## Data provided
* * * * * * *
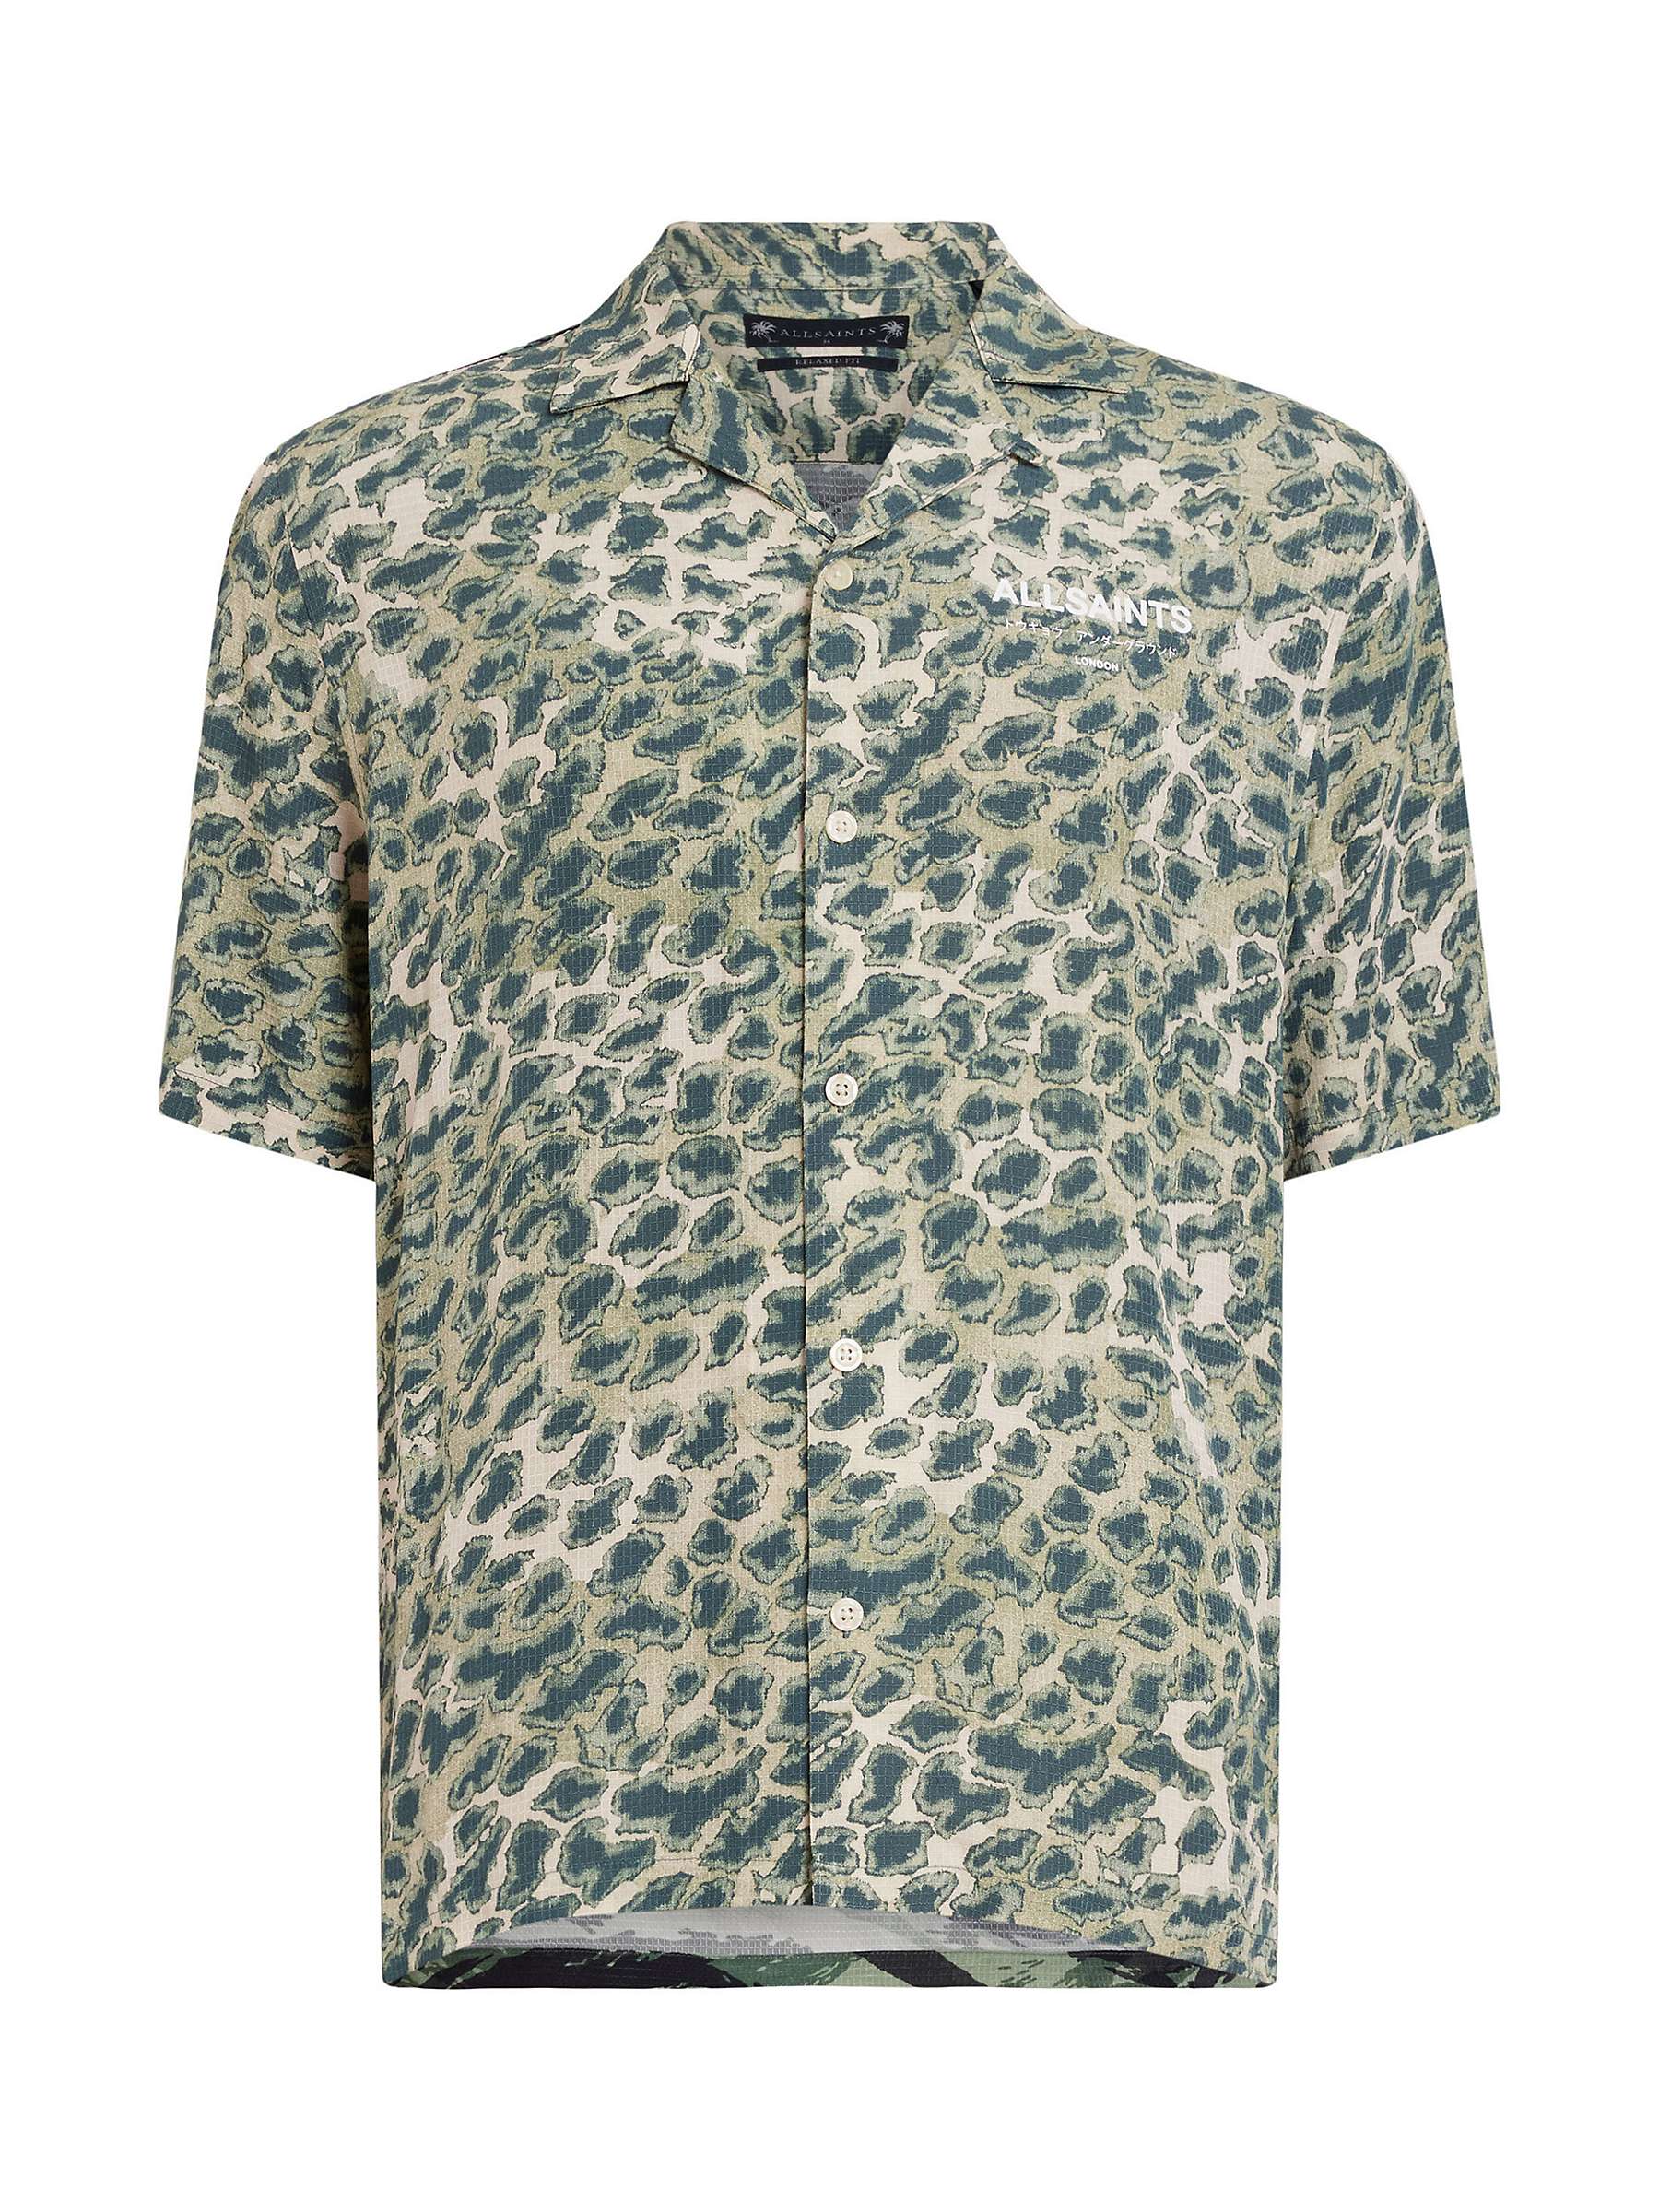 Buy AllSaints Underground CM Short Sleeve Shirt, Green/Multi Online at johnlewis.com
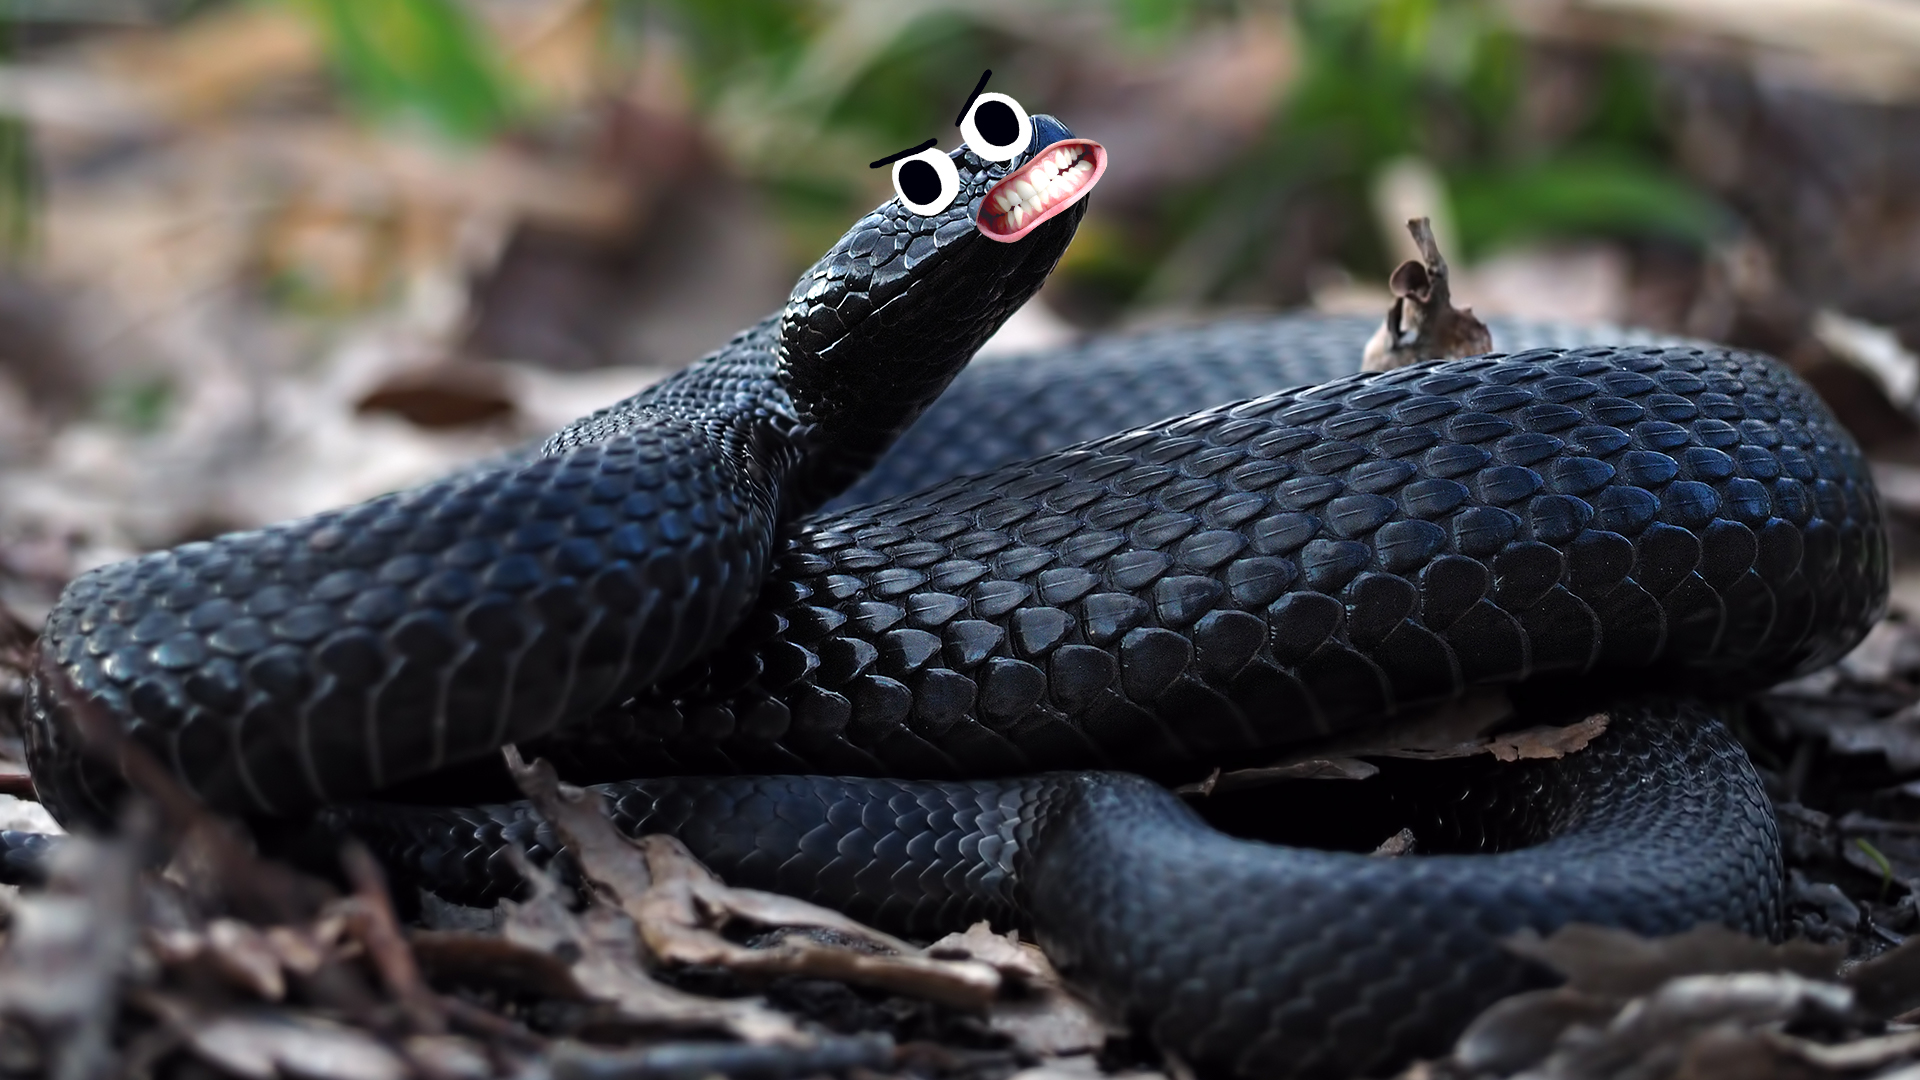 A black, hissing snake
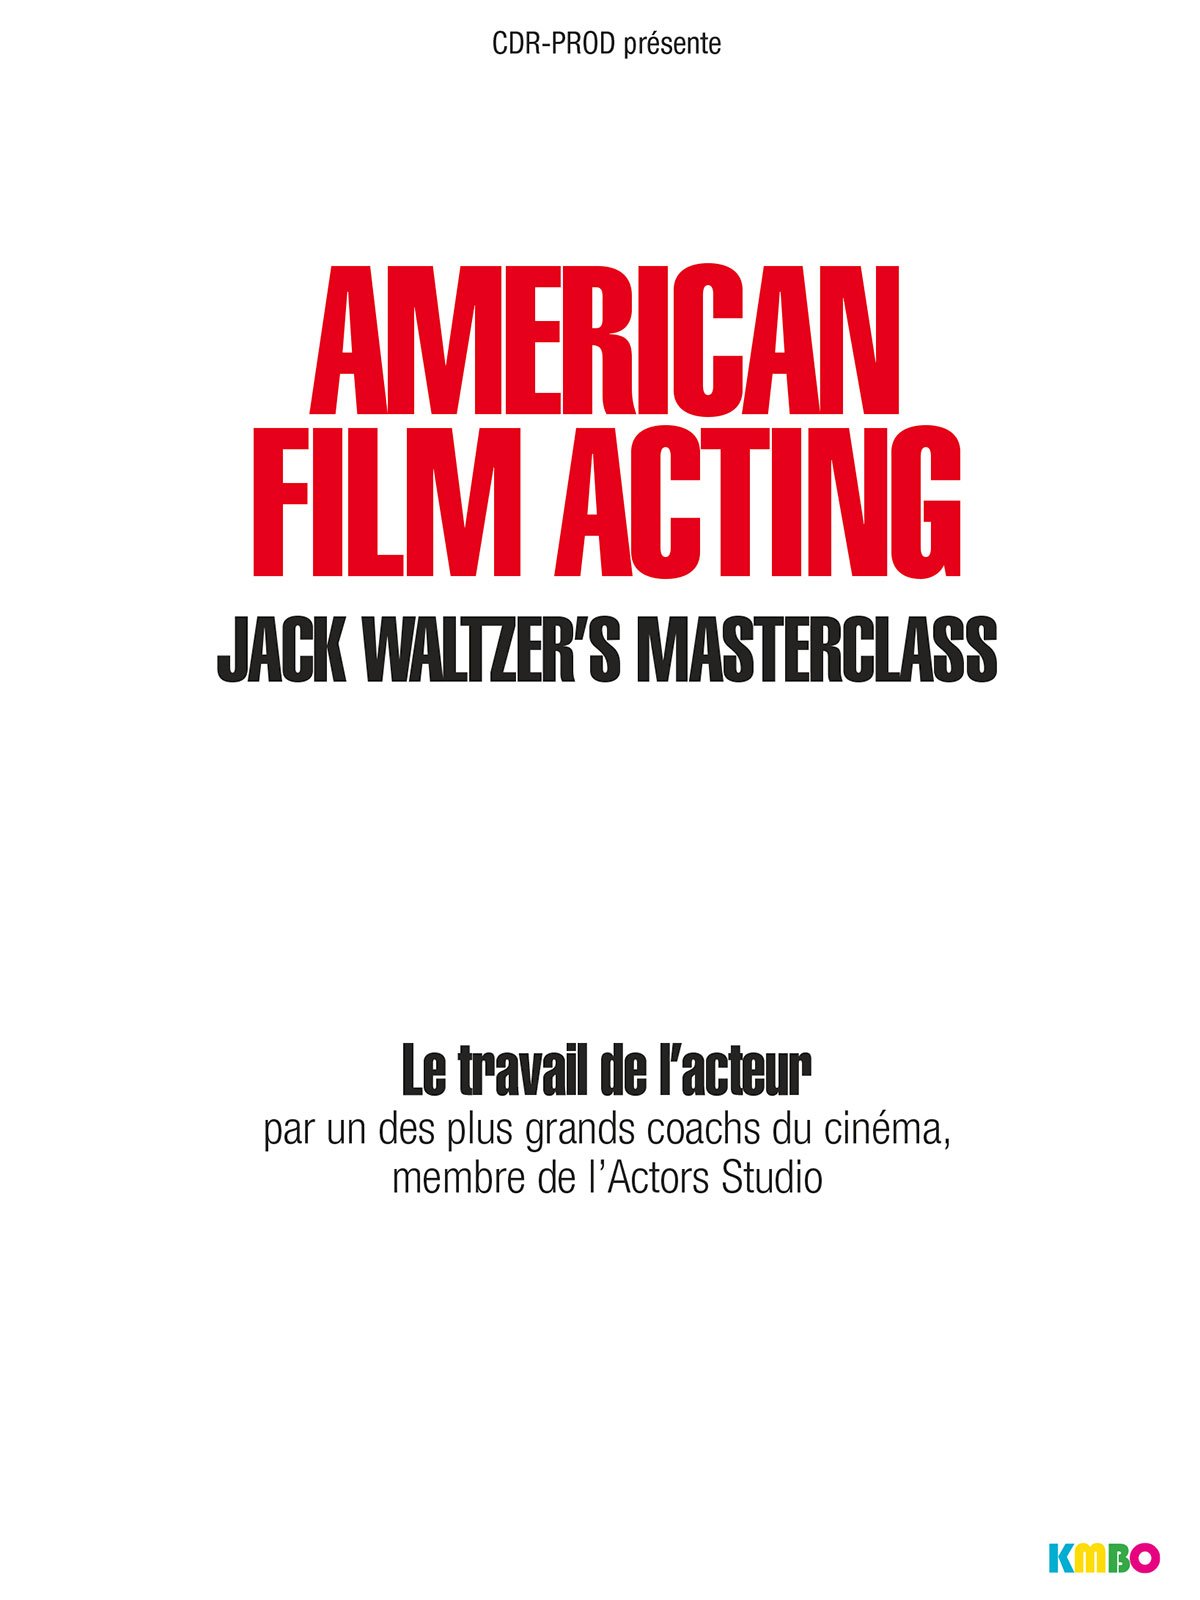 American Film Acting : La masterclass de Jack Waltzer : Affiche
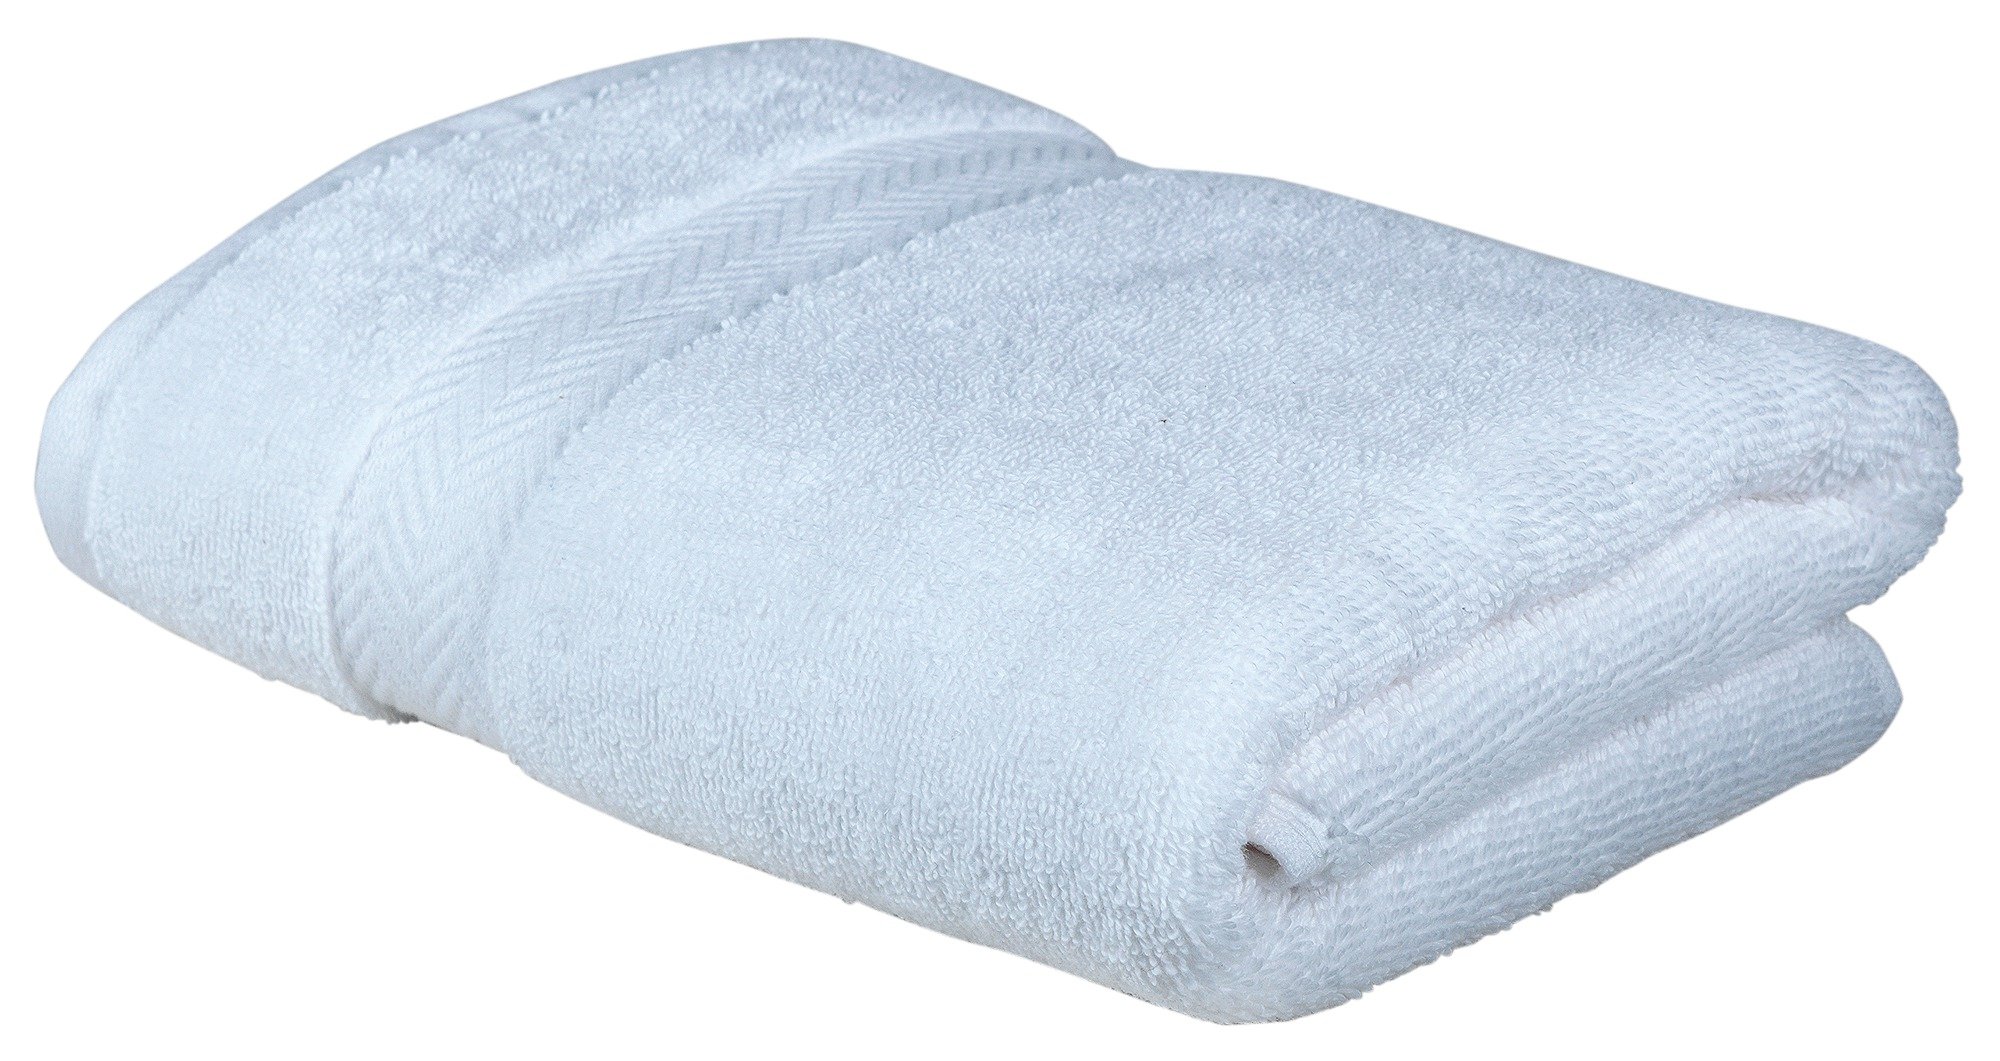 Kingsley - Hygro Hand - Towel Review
* * * * * * *
## Task description
Copy the data above word for word. Pictures stay out.

## Completed task
 Buy AllSaints Underground CM Short Sleeve Shirt, Green/Multi Online at johnlewis.com
 A black, hissing snake
 American Film Acting : La masterclass de Jack Waltzer : Affiche
 Kingsley - Hygro Hand - Towel Review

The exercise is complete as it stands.